Benzodiazepines Plus is an in vitro diagnostic test for the qualitative and semi-quantitative detection of benzodiazepines in human urine on automated clinical chemistry analyzers at cutoff concentrations of 100 ng/ml, 200 ng/ml and 300 ng/ml. Semi-quantitative test results may be obtained that permit laboratories to assess assay performance as part of a quality control program.

The Roche ONLINE DAT Benzodiazepines Plus assay is an in vitro diagnostic test for the qualitative and semi-quantitative detection of benzodiazepines in human urine on automated clinical chemistry analyzers at cutoff concentrations of 100 ng/ml, 200 ng/ml and 300 ng/ml. Semiquantitative test results may be obtained that permit laboratories to assess assay performance as part of a quality control program. The assay is based on the kinetic interaction of microparticles in a solution (KIMS technology). Assay measurement is based on measurable changes in light transmission related to the interaction of microparticles in a solution and the sample drug of interest. if present. Benzodiazepine drug derivative is conjugated to microparticles in solution, and benzodiazepine polyclonal antibody (sheep) is solubilized in buffer. In the absence of sample drug, free antibody binds to drug-microparticle conjugates causing the formation of particle aggregates. As the aggregation reaction proceeds in the absence of sample drug, the absorbance increases. When a urine sample contains the drug in question, this drug competes with the particle-bound drug derivative for free antibody. Antibody bound to sample drug is no longer available to promote particle aggregation, and subsequent particle lattice formation is inhibited. The presence of sample drug diminishes the increasing absorbance in proportion to the concentration of drug in the sample. Sample drug content is determined relative to the value obtained for a known cutoff concentration of drug.

The provided text describes a 510(k) summary for the Roche ONLINE DAT Benzodiazepines Plus assay, an in vitro diagnostic test for detecting benzodiazepines in human urine. However, it does not contain the detailed study information, acceptance criteria, or performance data that would allow for a complete answer to your request.

Specifically, the document focuses on regulatory approval and equivalence to a predicate device, rather than a detailed performance study with explicit acceptance criteria and corresponding results.

Therefore, I cannot provide a table of acceptance criteria and reported device performance, nor details about sample sizes, ground truth establishment, expert qualifications, or MRMC studies.

What can be gathered from the provided text:

• Device Name: ONLINE DAT Benzodiazepines Plus
• Intended Use: Qualitative and semi-quantitative detection of benzodiazepines in human urine on automated clinical chemistry analyzers at cutoff concentrations of 100 ng/ml, 200 ng/ml, and 300 ng/ml. Semi-quantitative results allow assessment of assay performance as part of a quality control program.
• Predicate Device: Abuscreen OnLine Benzodiazepines assay (K983702).
• Technology: Kinetic interaction of microparticles in a solution (KIMS technology).
• Differences from Predicate (Improvements):
  • Change in accelerant/activator in the diluent solution for the antibody working solution.
  • Change in polyclonal antibody purification (from non-specific IgG binding to immunoaffinity purification).
  • Improved precision.
  • Use of new (previously cleared) calibrators and unassayed controls.
• Regulatory Status: Substantially equivalent to the predicate device, allowing it to be marketed.

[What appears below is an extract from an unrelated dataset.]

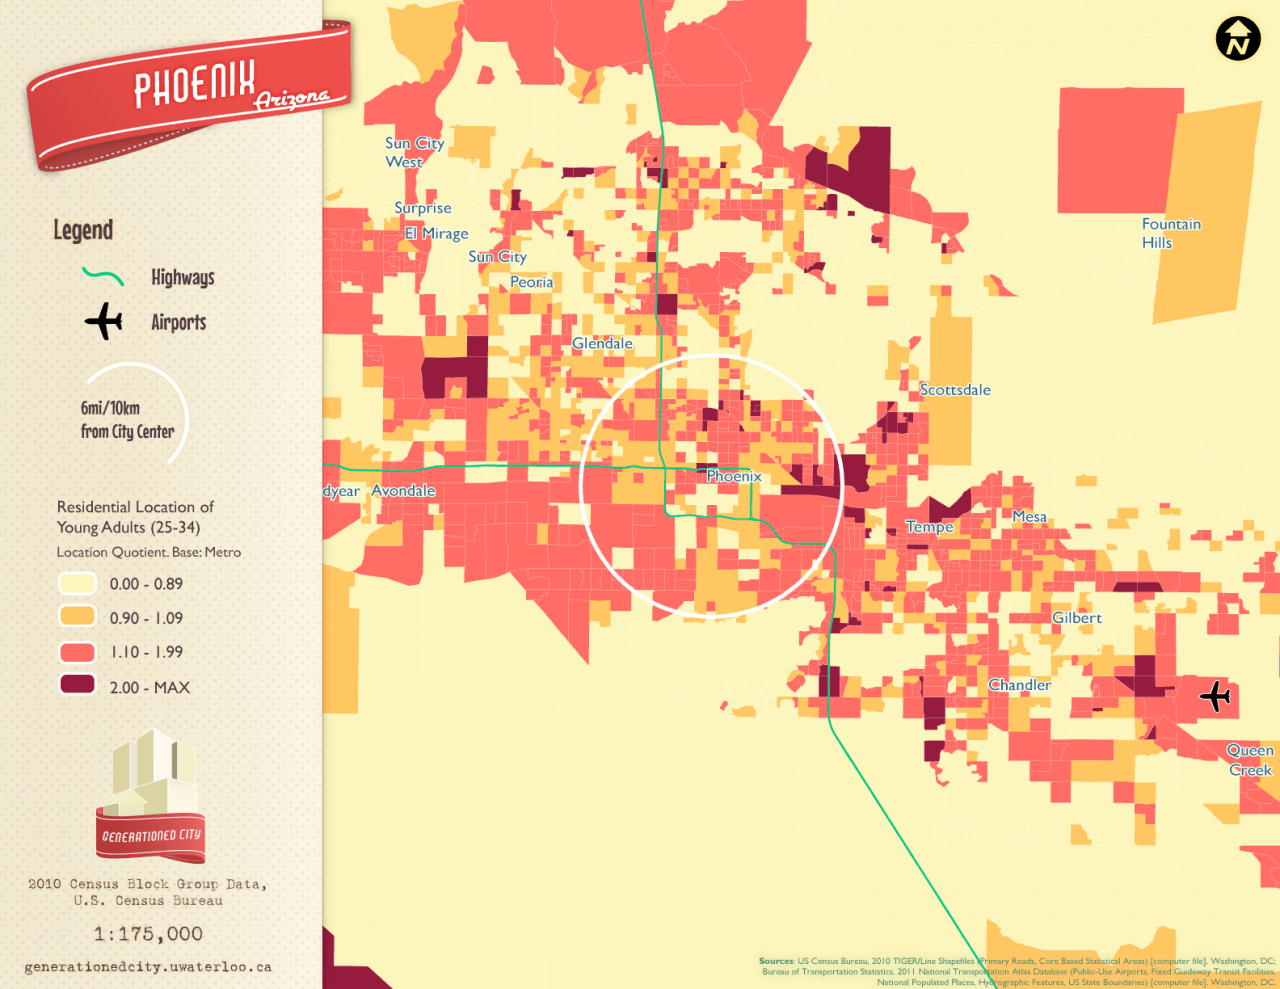 Residential location of young adults in Phoenix.

Missing Information (and why it's missing from this document):

The 510(k) summary provided is a high-level overview for regulatory filing. It emphasizes substantial equivalence to a previously cleared device. A full study report, which would typically contain the detailed performance data, acceptance criteria, sample sizes, and ground truth methodologies, is not included in this summary. Such details would be found in the manufacturer's internal validation studies, not necessarily in the public-facing 510(k) summary.

In conclusion, while the document explains the device's purpose and its regulatory pathway, it does not offer the specific data points required to fill out the table and answer the detailed questions about acceptance criteria and study particulars.